On 5 March 2014 11:16, Chris Schanzle <schanzle at nist.gov> wrote:

> On 02/26/2014 11:11 AM, Stephen John Smoogen wrote:
>
>> My attempts at shared iscsi read-only storage were a while ago but ended
>> up with some amazingly corrupted data.
>>
>
> I realized later that shared read-only block devices can work only if
> *all* users of the filesystem are read-only.  If you had a tight window of
> upstream modifications, in theory it would be possible to have the
> read-only clients unmount the filesystem (flushing caches), server performs
> updates & remounts read-only, then clients remount, but that is obviously
> too disruptive for what should be a continuously operational download
> server.
>
>
>
>  That is what I am seeing.

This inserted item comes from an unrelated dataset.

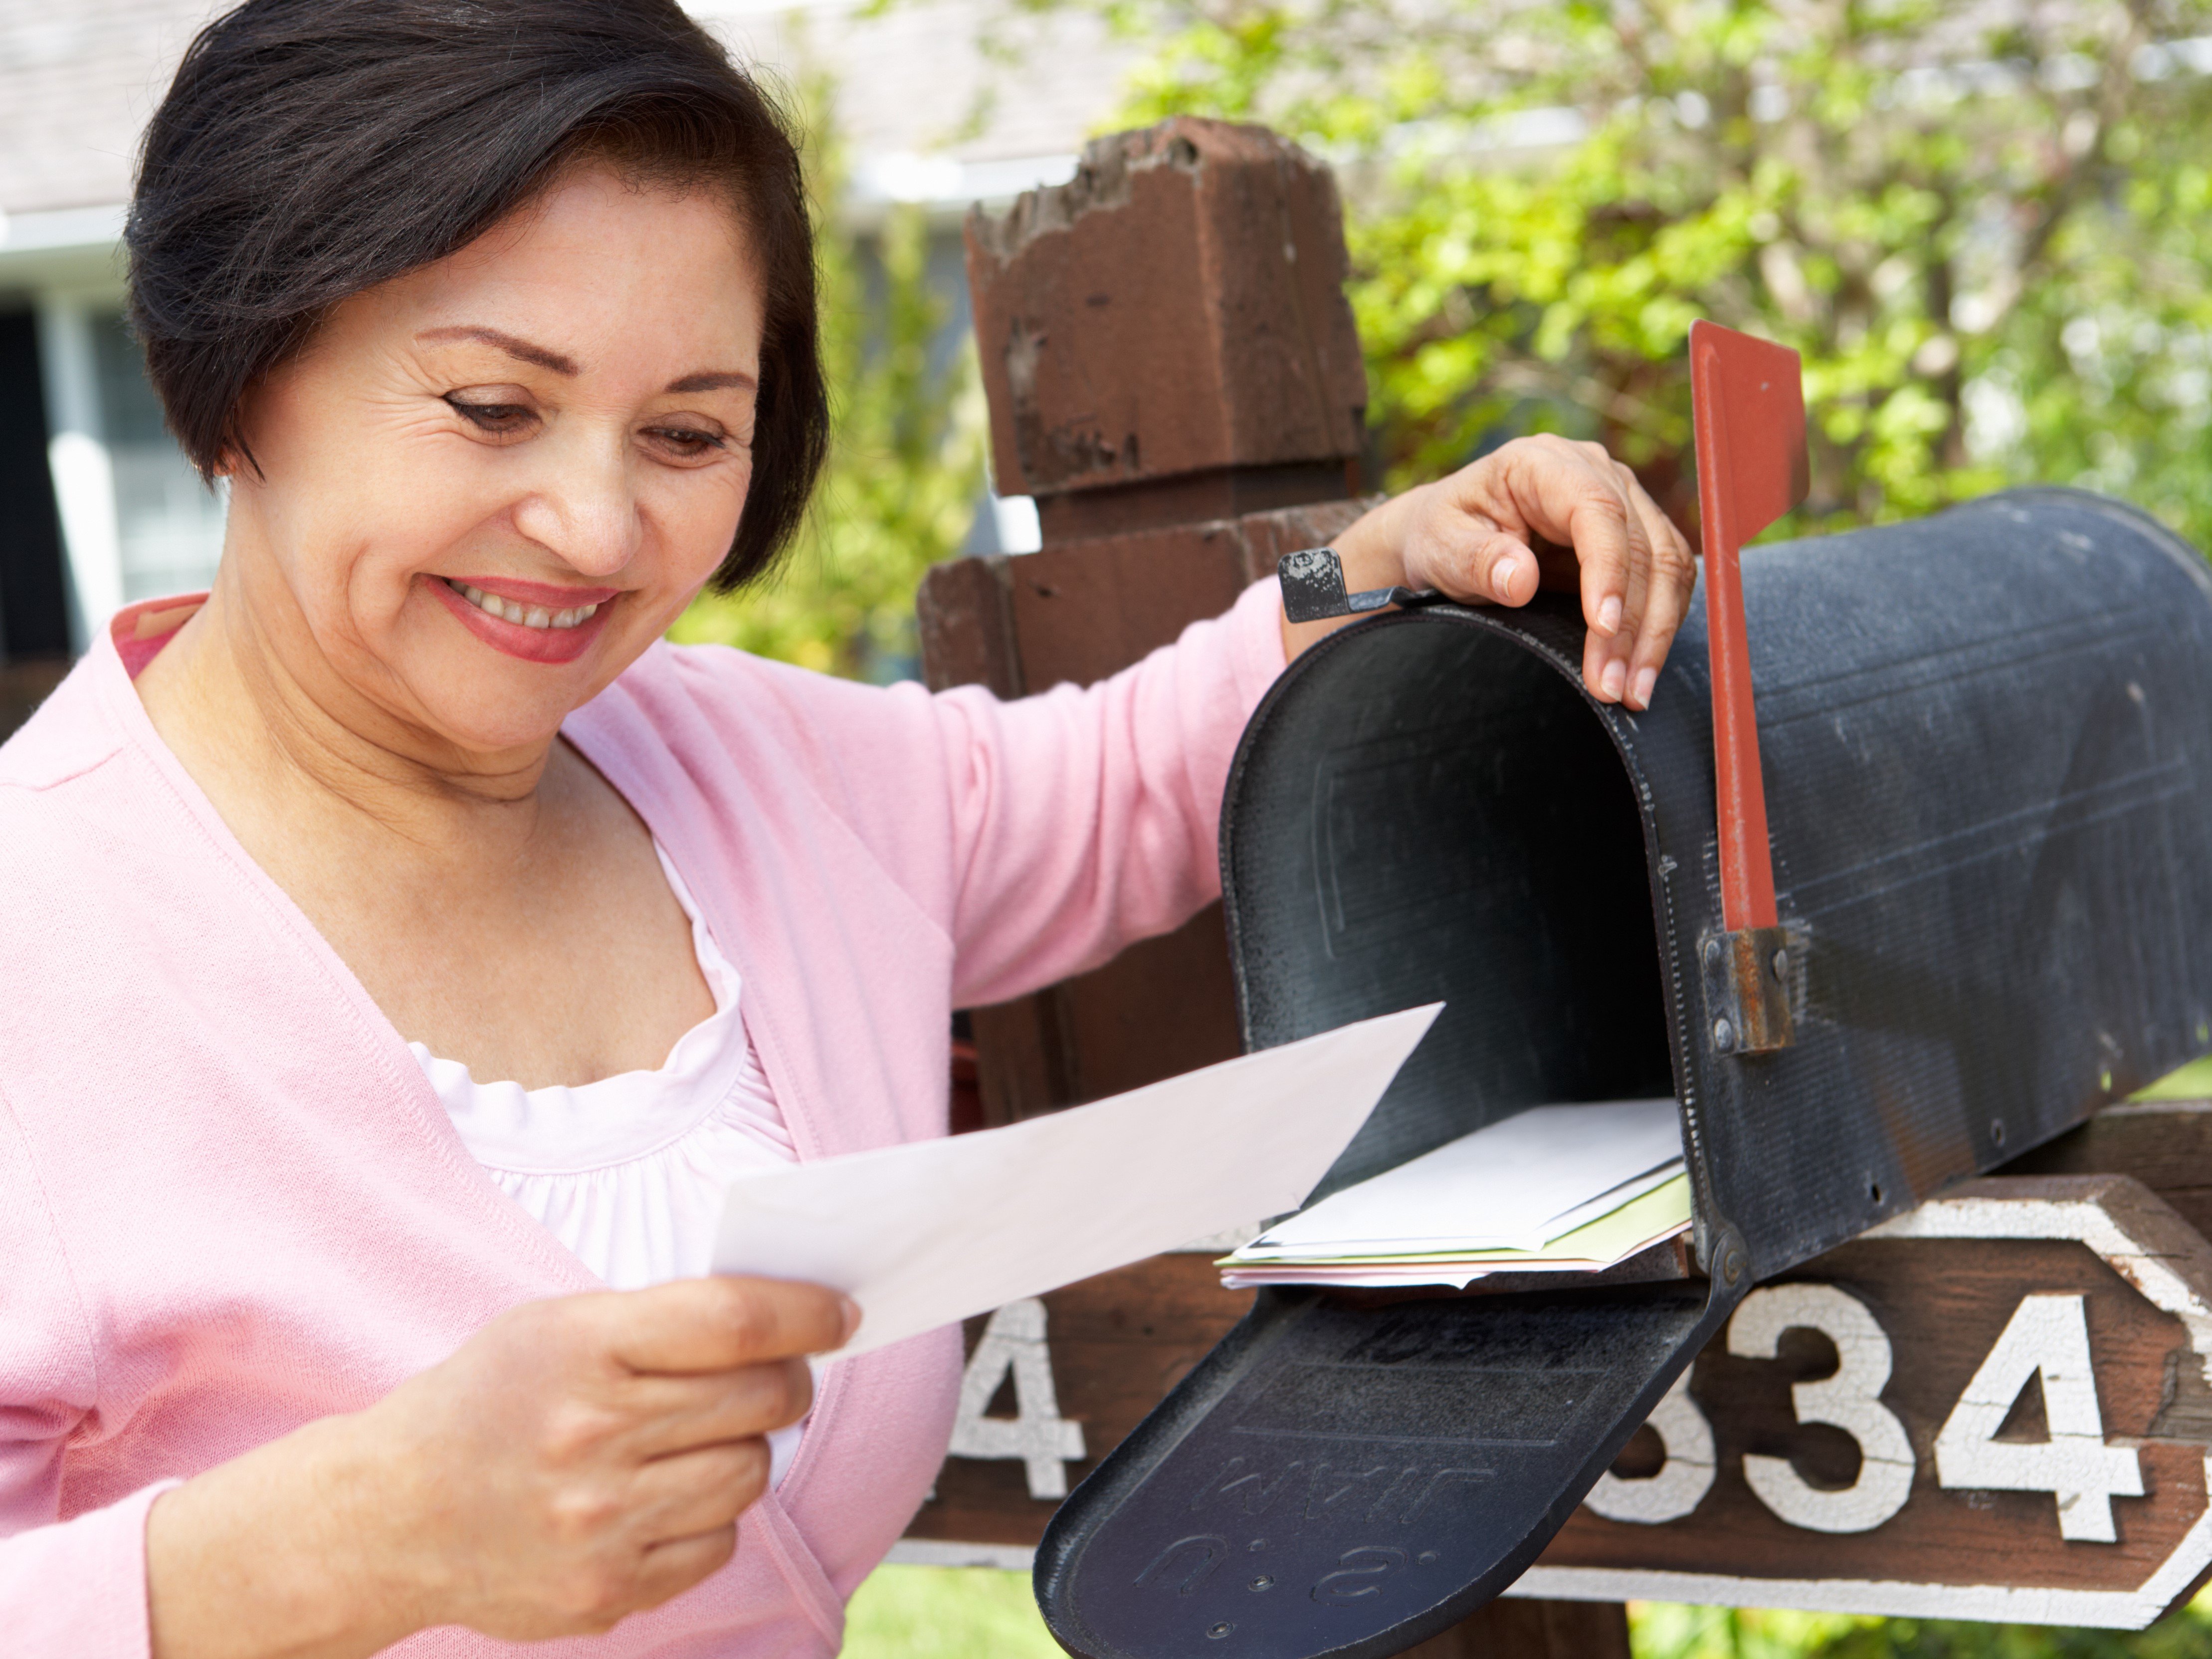 Customizing Direct Mail Campaigns by Age Group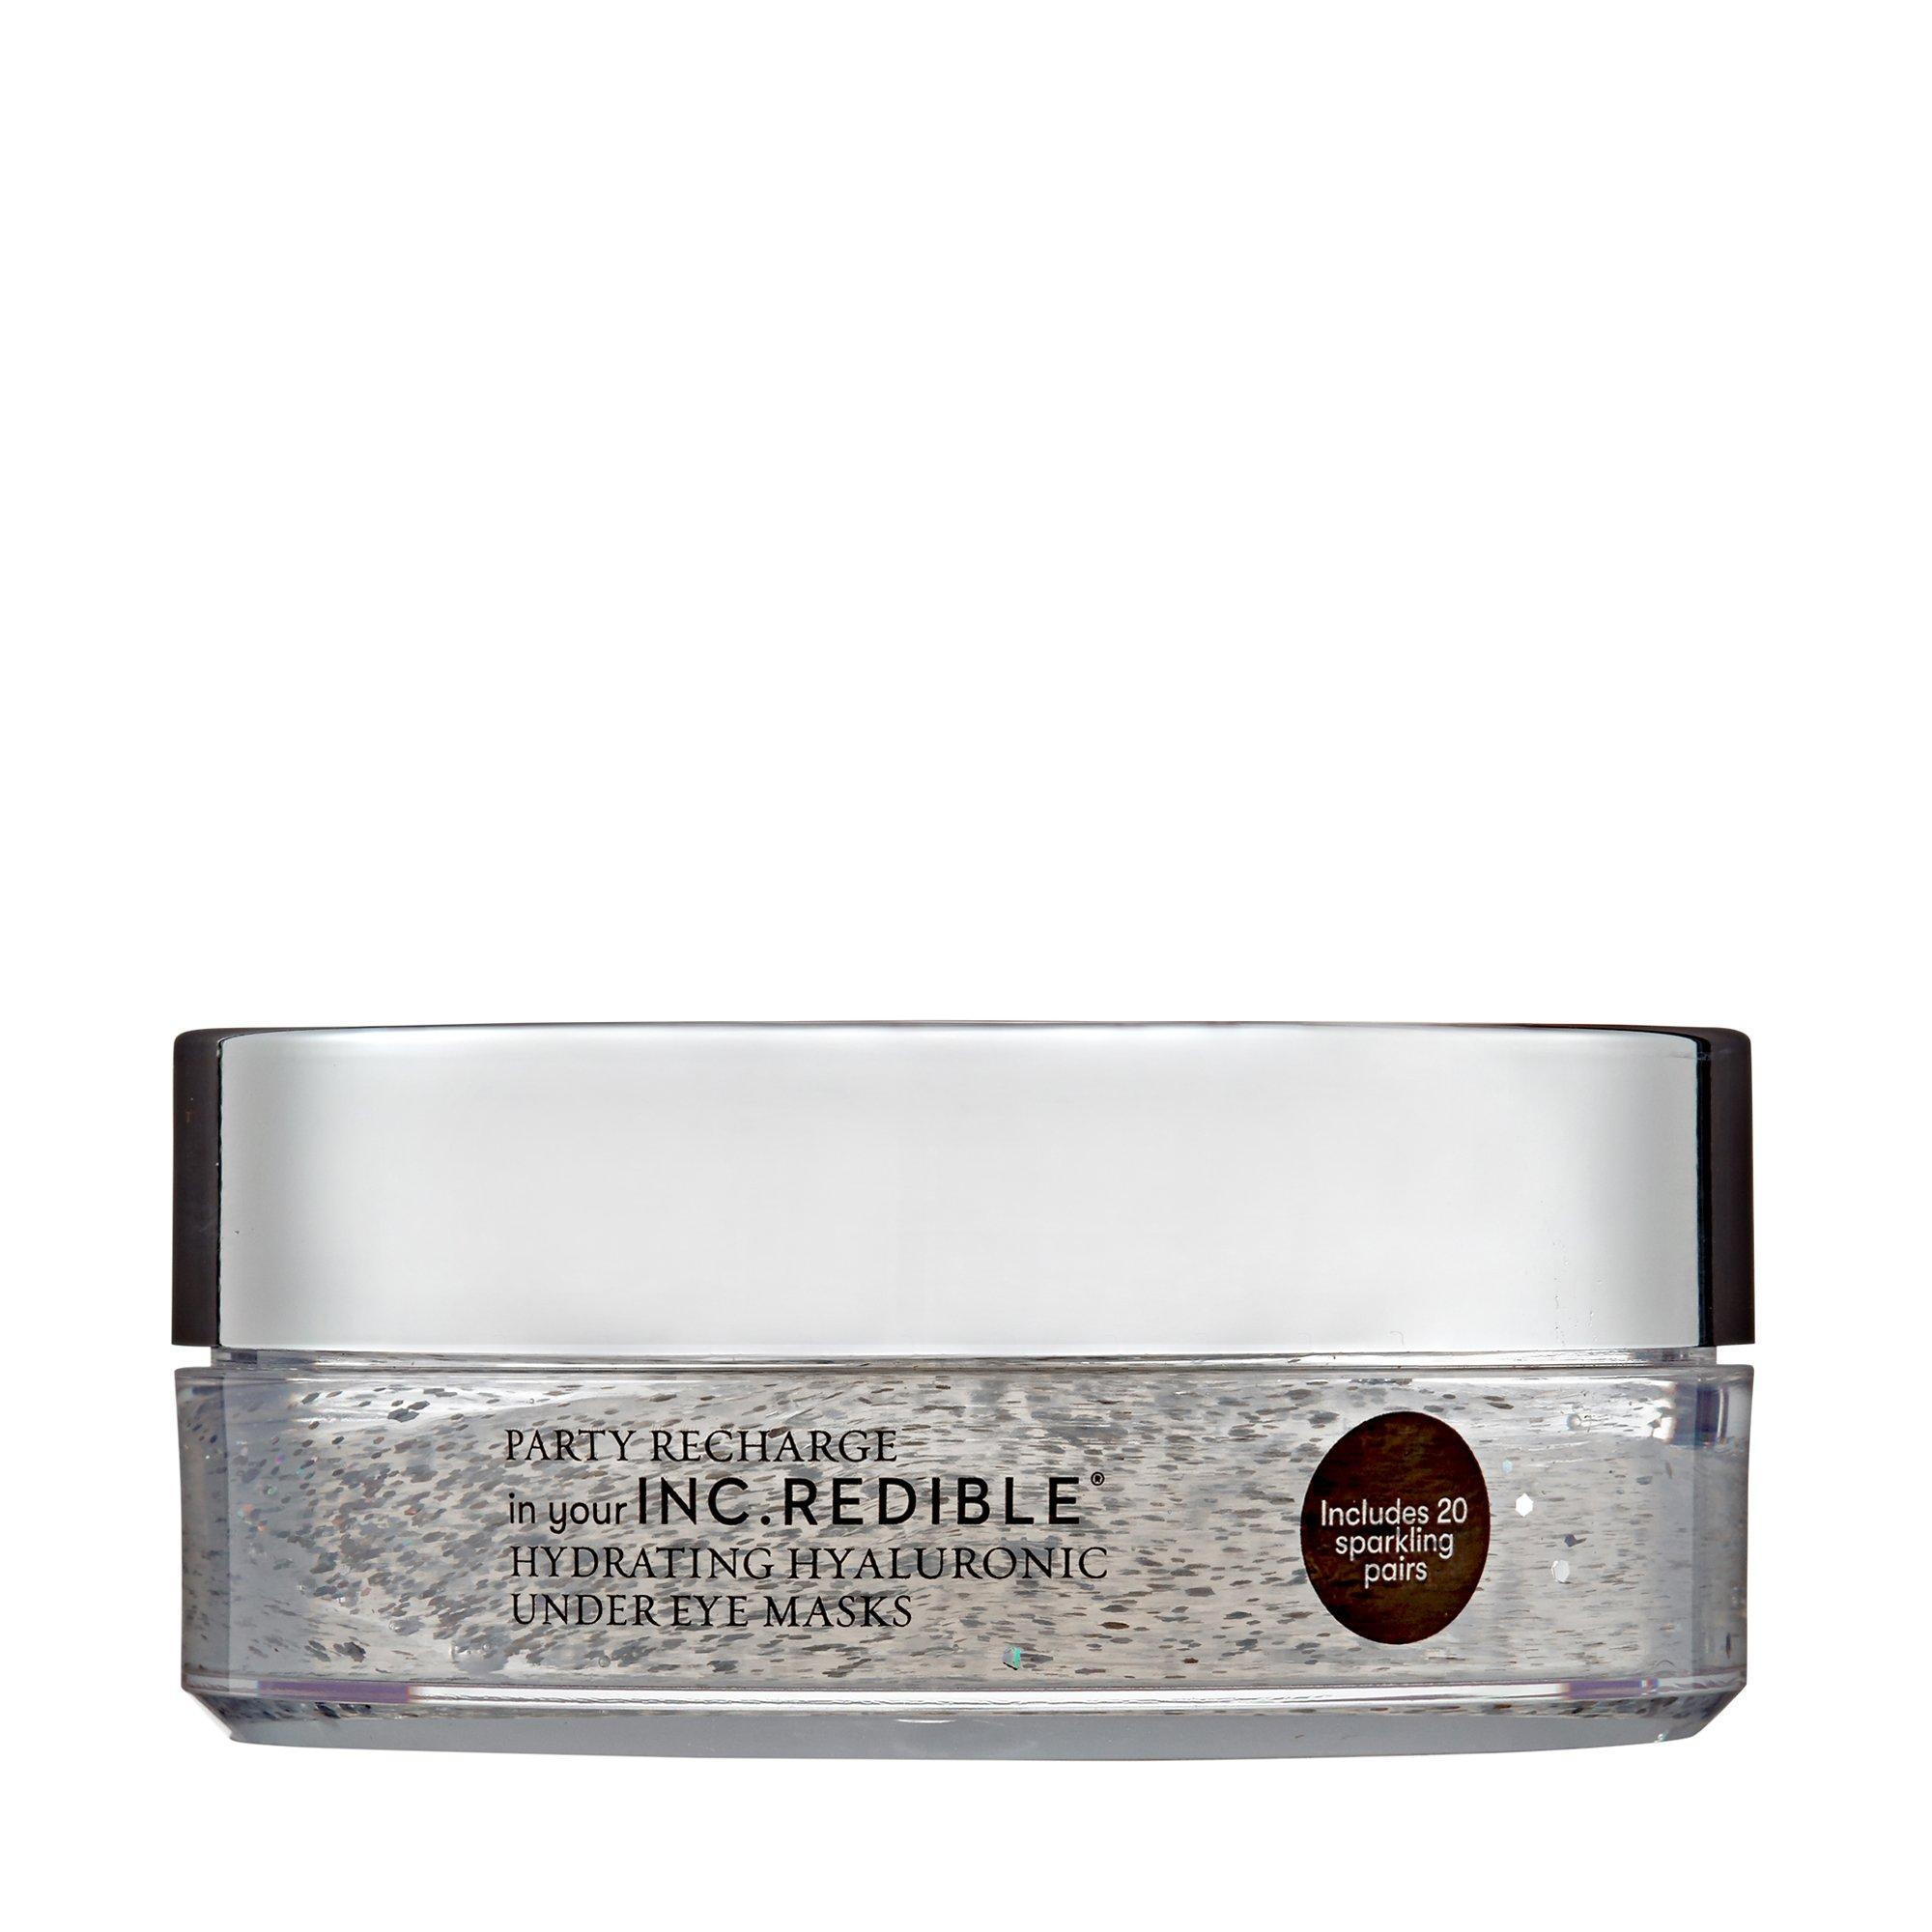 Image of Inc.redible Sparkling Under Eye Masks - Party Recharge

Basically we were allowing 25 rsyncs per host
>> which was working pretty well but recently we now have 3 rsyncs which get
>> data and 22 ones which are slowly working through lstat data.
>>
> ...
>
>  After that it is more about trying to get NFS client to cache more of the
>> metadata if possible.
>>
>
> Have you tried cranking acreg(min,max) way up to cache file attributes
> much longer?  I'm thinking a drastic change from the default one minute (or
> less) to at least 15 to 30 minutes, perhaps an hour or more.  Keeping
> acdir(min,max) at low defaults will allow rsync to find new directory
> entries, which rsync clients will use to find new files.  However, cache
> attributes for too long and rsyncd may (unverified) give stale stat() info
> on files modified (not created) on an update push, such as
> repodata/repomd.xml.
>
> Since NFS uses the Slab to store cached inode data from NFS servers,
> having enough RAM and tuning vm.vfs_cache_pressure down to ensure caching
> all possible NFS entries, lest they get pushed out before they expire or if
> the system prefers to cache file data over precious inode data.
>
>
I have increased the actimeo to 600 and added the nocto option to the
mounts. We will see how this works and if there are problems back off in
either the timings or remove the nocto option.

>
> If increasing attribute caching can't work, the only other solution is
> local storage.  While you claim this isn't suitable due to high disk
> failure rates, I can only guess you got a bad batch of drives or you
> pummeled them into an early grave by having too little RAM and/or didn't
> tune vfs_cache_pressure to reduce seeking for inode lookups.  You could
> continue to use the NFS storage as your 'master' back-end storage on each
> download server and use rsync to keep the local storage current.  Perhaps
> with a little crafty intelligence, if local storage falls over, you could
> revert to offering the NFS storage to rsyncd.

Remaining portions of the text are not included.